#### WORK INSTRUCTIONS:
The task calls for the lines below from the line with "Reconstruction of the" to the line with "8x6 In Session", both ends included, copied exactly, without any pictures.

#### WORKING DATA:
◇ ◇ ◇ ◇ ◇

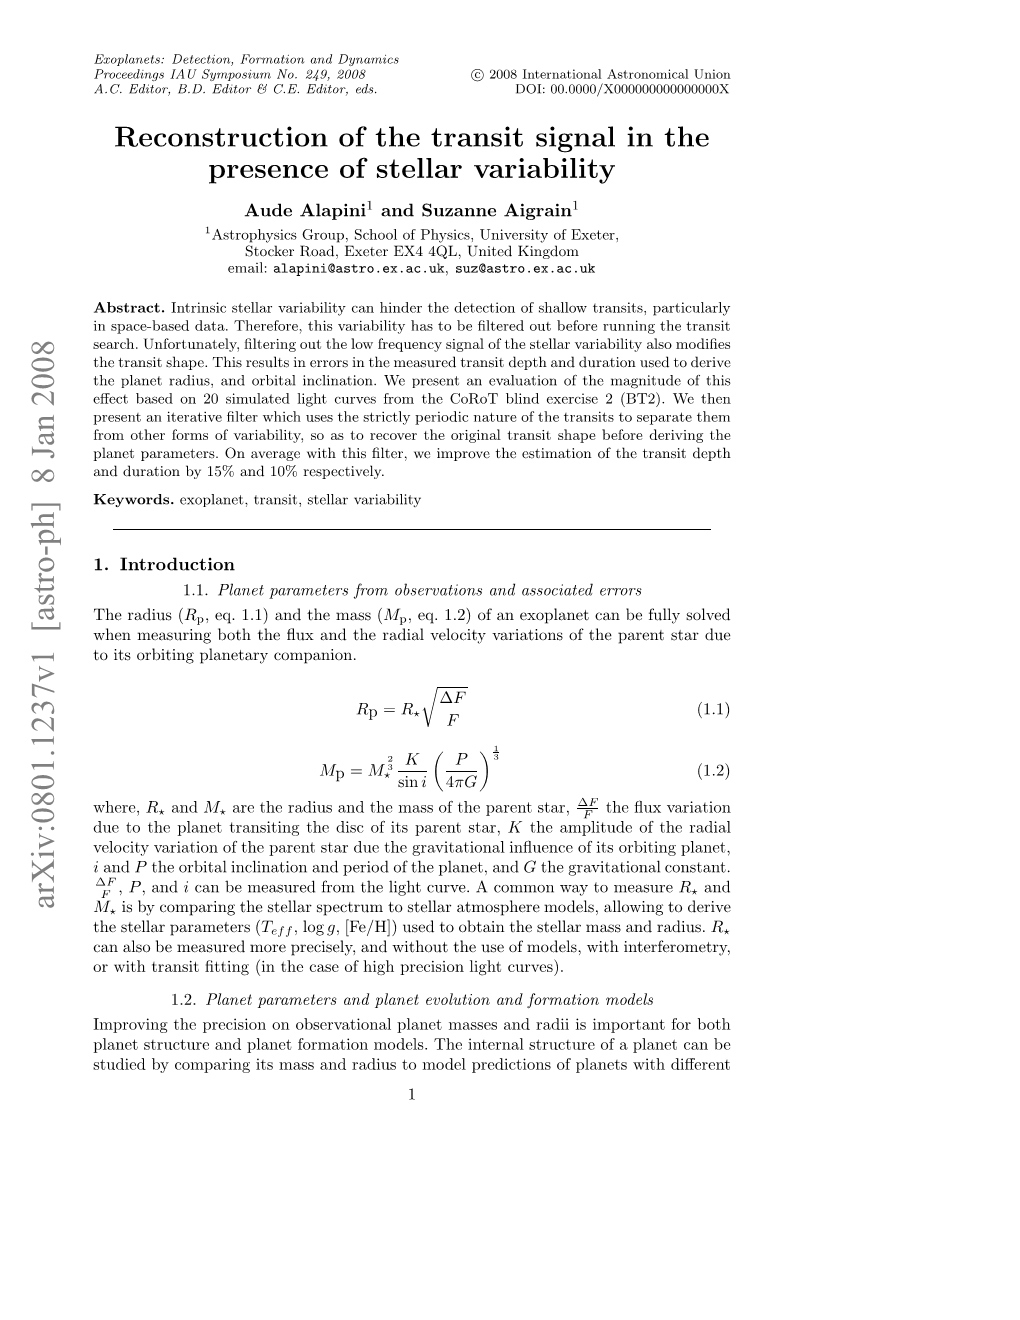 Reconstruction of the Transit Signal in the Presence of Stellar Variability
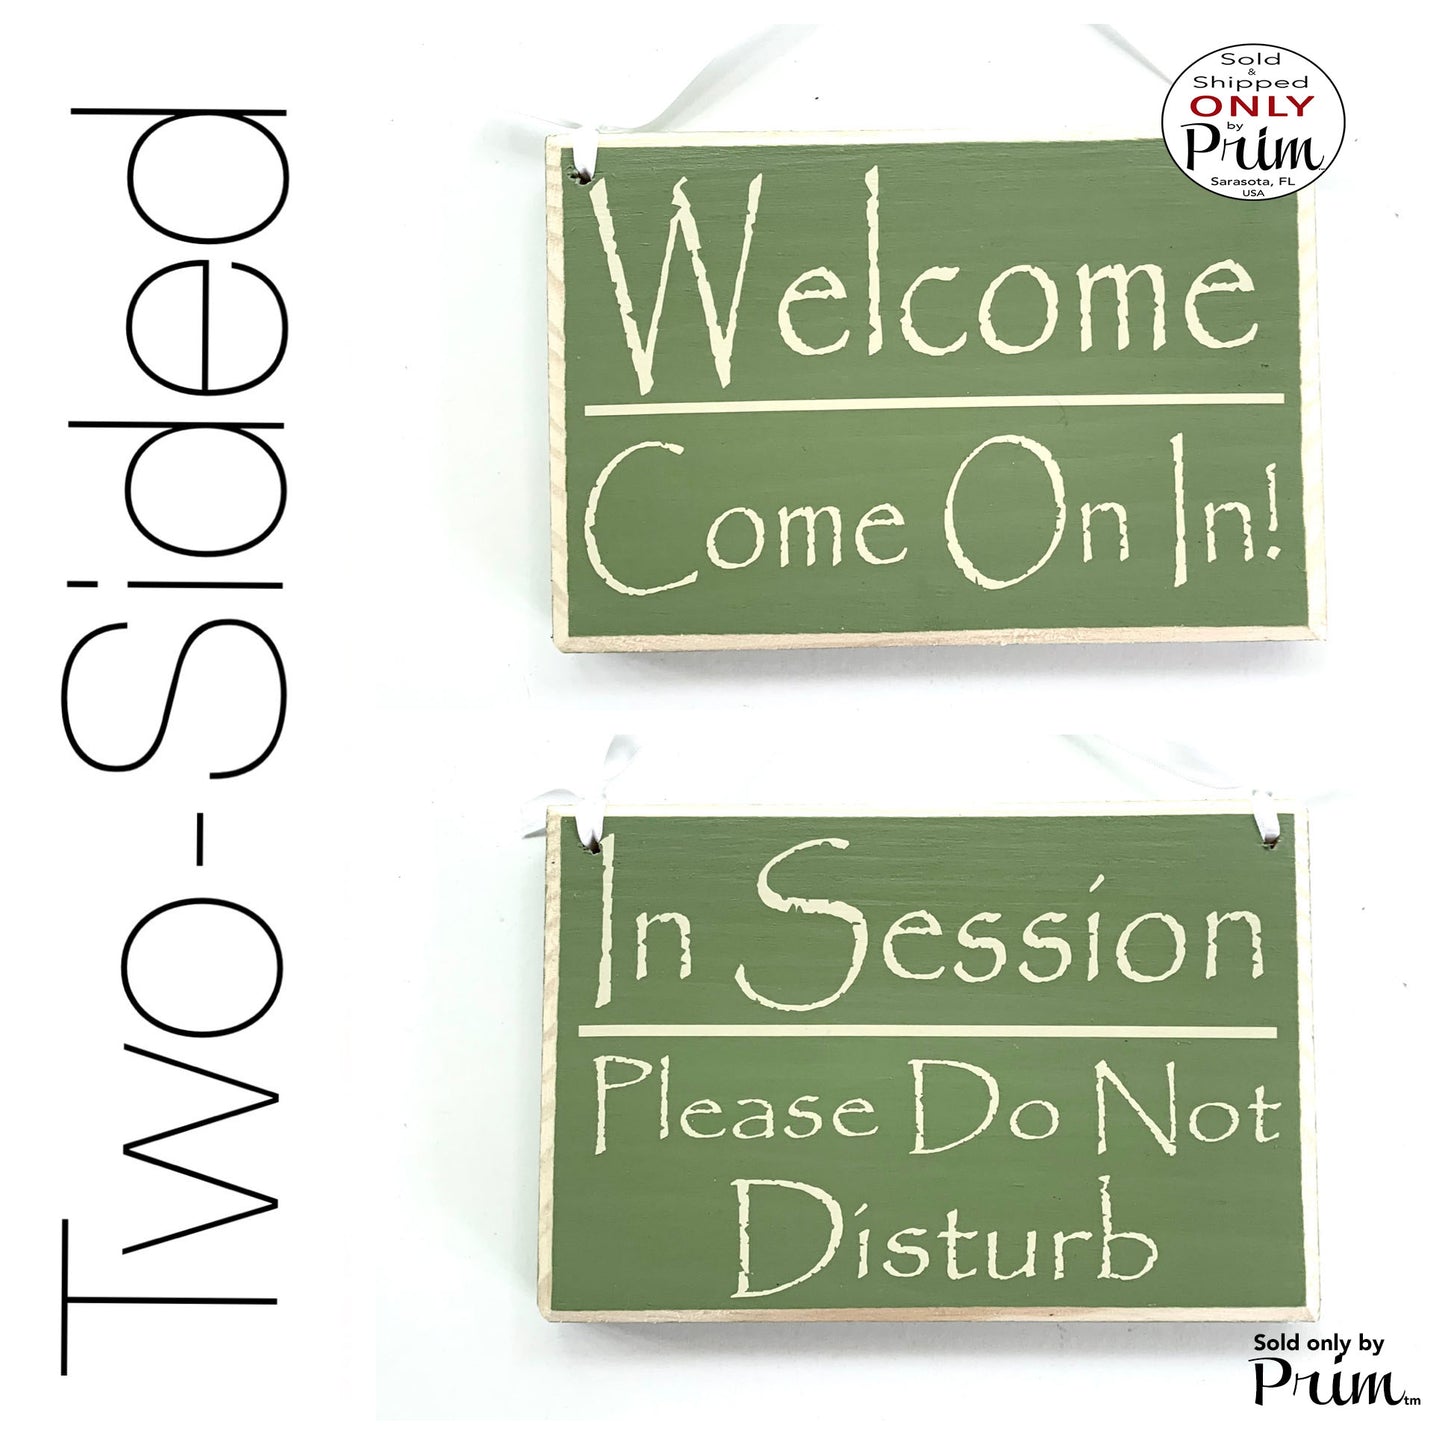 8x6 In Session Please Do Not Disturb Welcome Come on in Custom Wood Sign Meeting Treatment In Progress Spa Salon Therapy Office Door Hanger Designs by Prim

◇ ◇ ◇ ◇ ◇

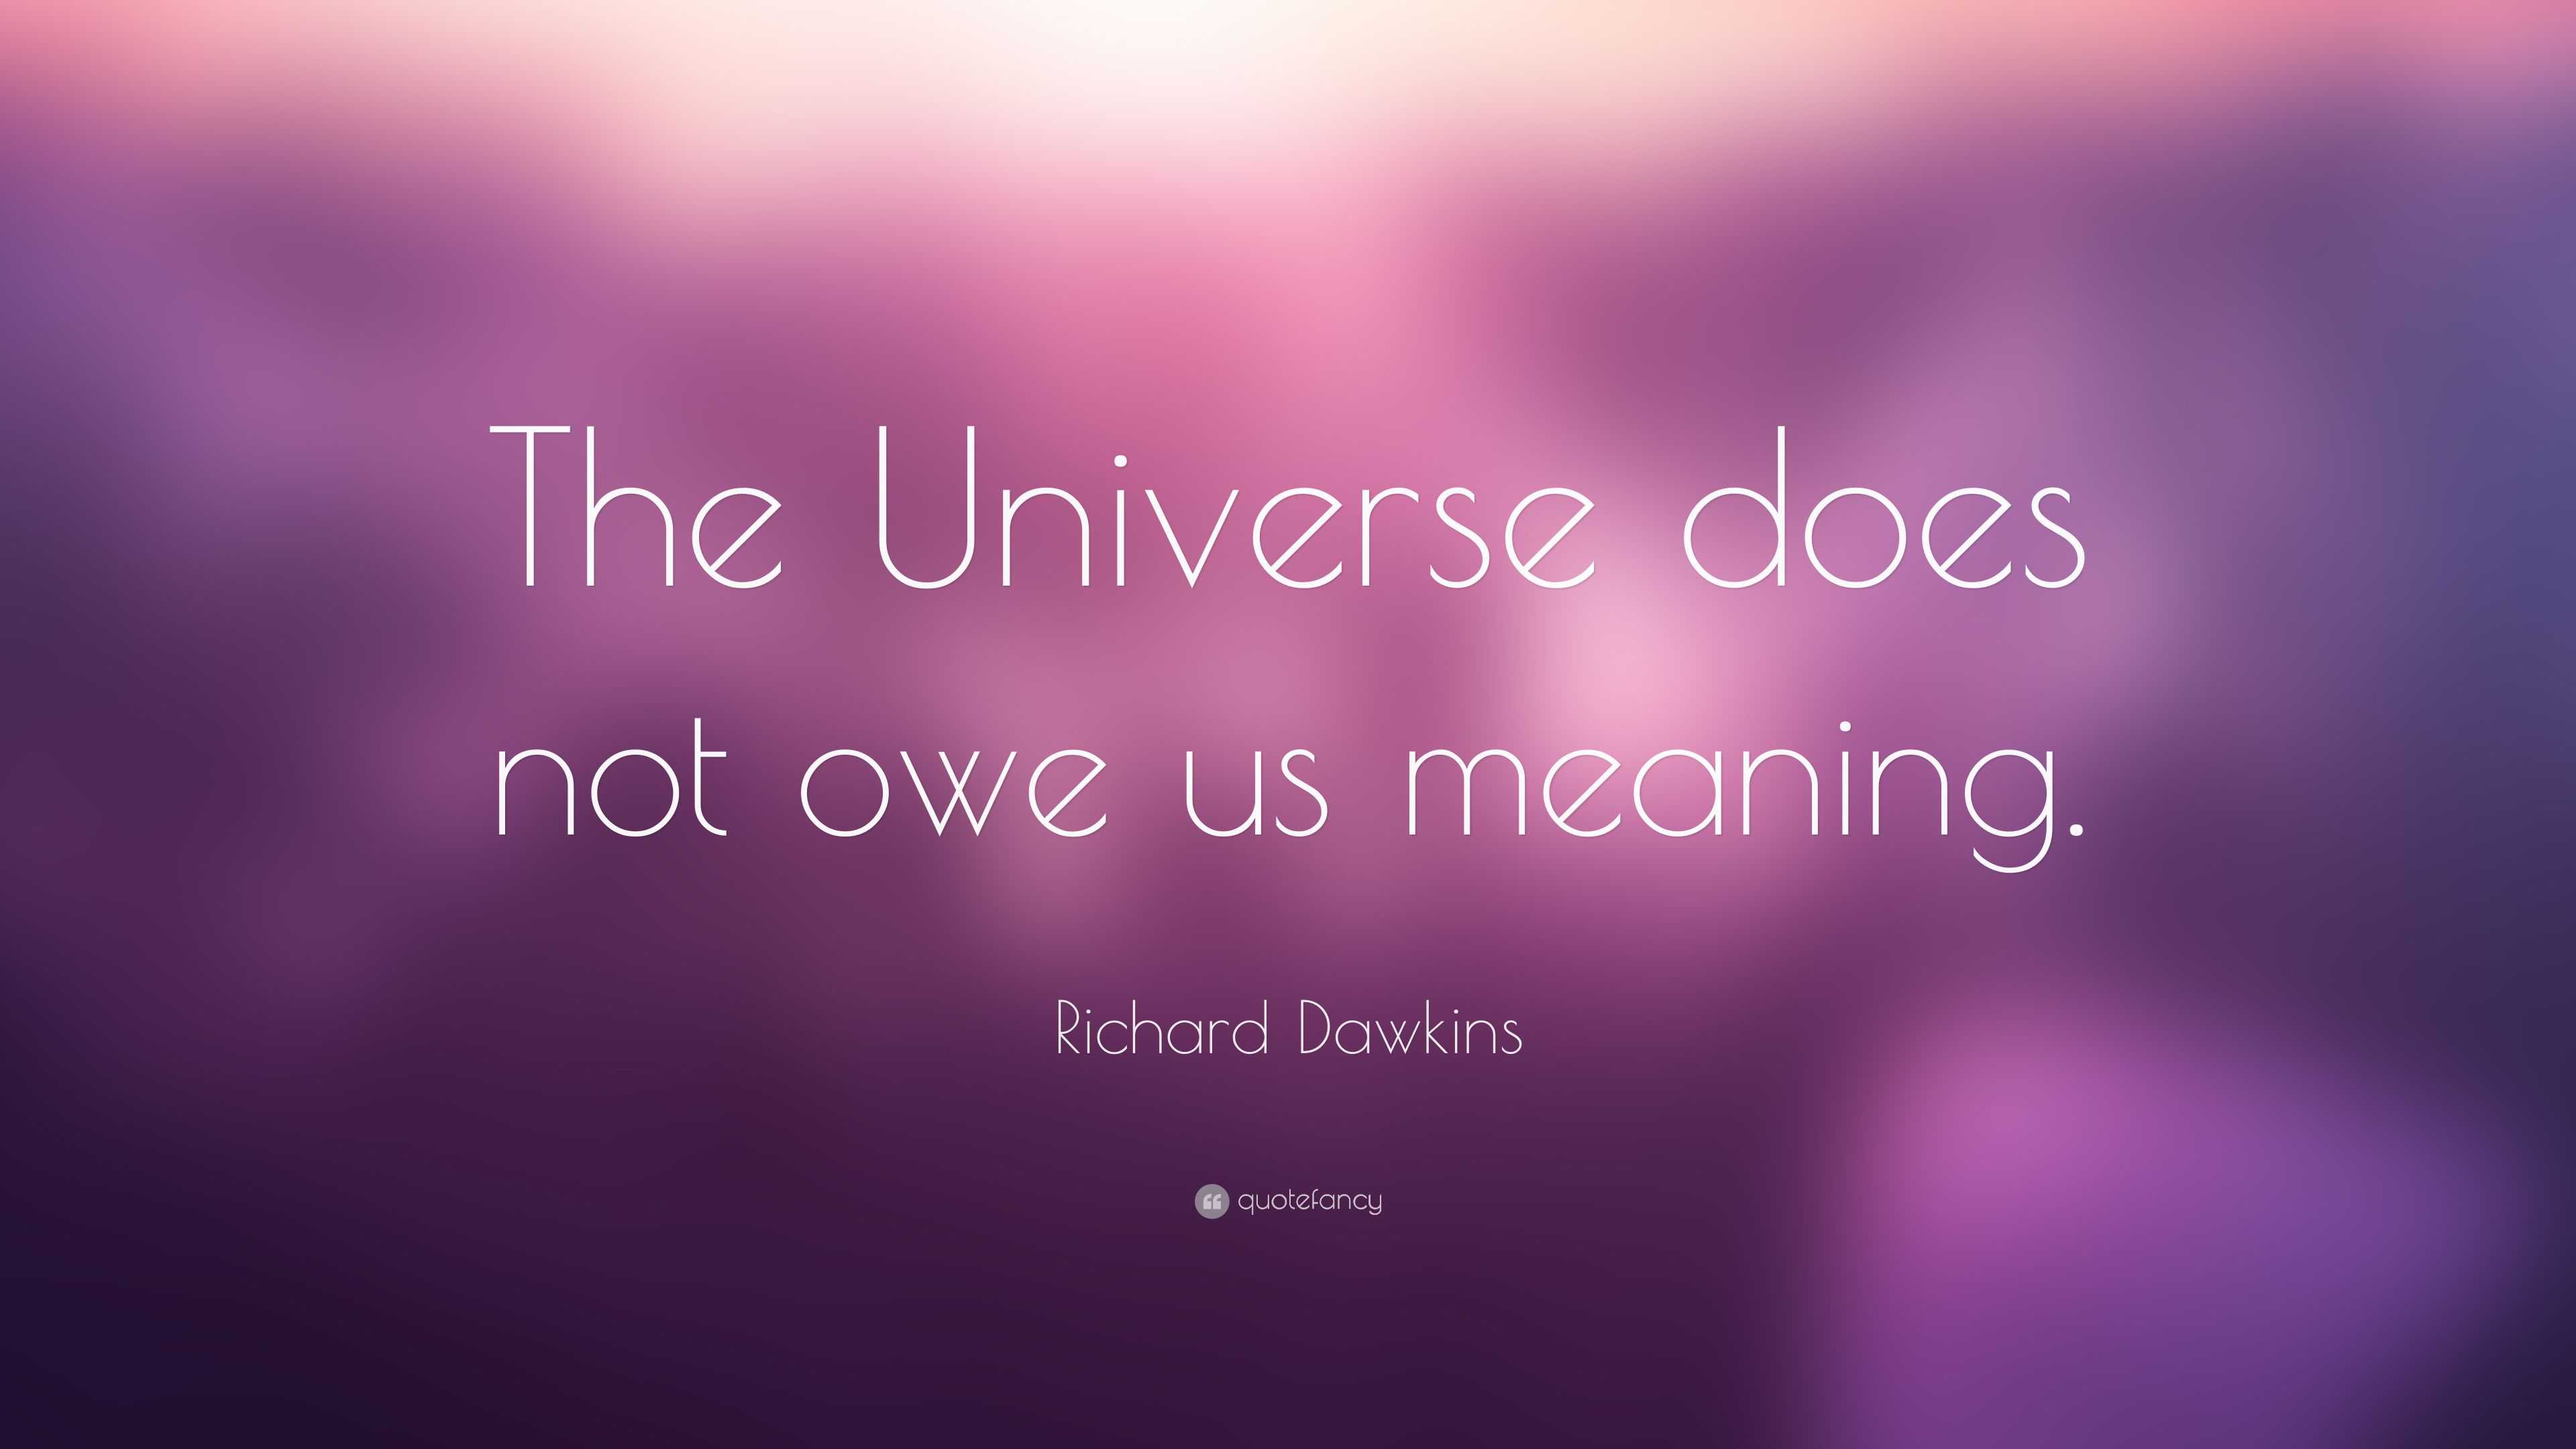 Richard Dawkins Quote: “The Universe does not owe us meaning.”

◇ ◇ ◇ ◇ ◇

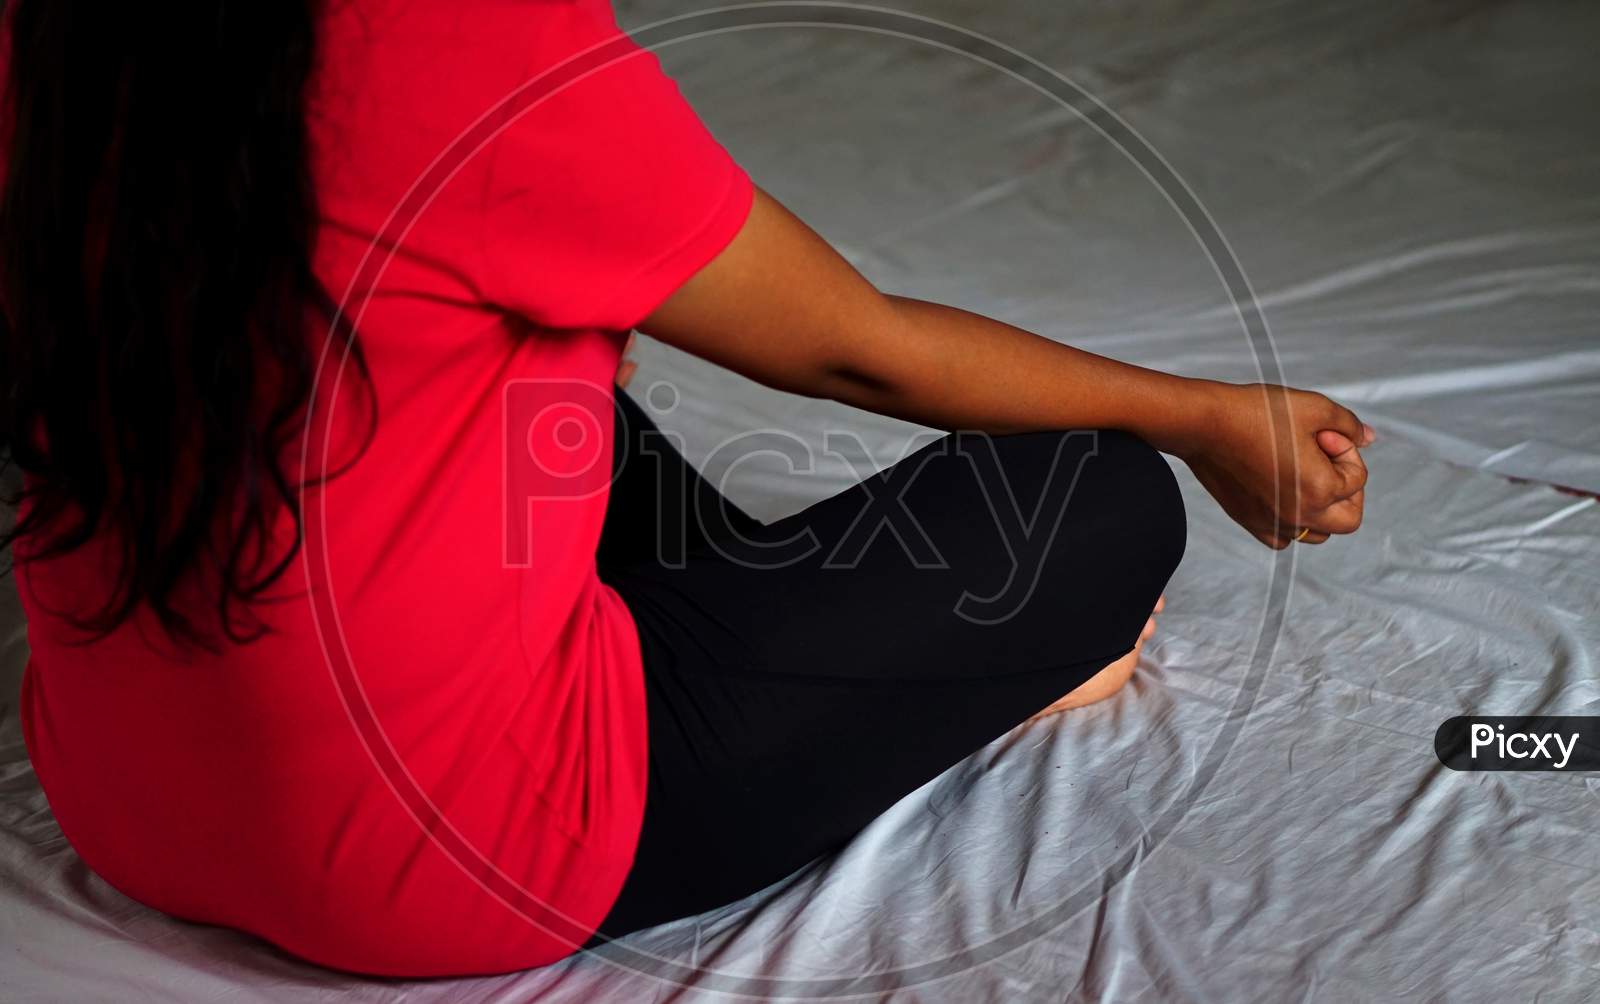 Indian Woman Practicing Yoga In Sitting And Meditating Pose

◇ ◇ ◇ ◇ ◇

#### COMPLETED TASK:
 Reconstruction of the Transit Signal in the Presence of Stellar Variability
 8x6 In Session Please Do Not Disturb Welcome Come on in Custom Wood Sign Meeting Treatment In Progress Spa Salon Therapy Office Door Hanger Designs by Prim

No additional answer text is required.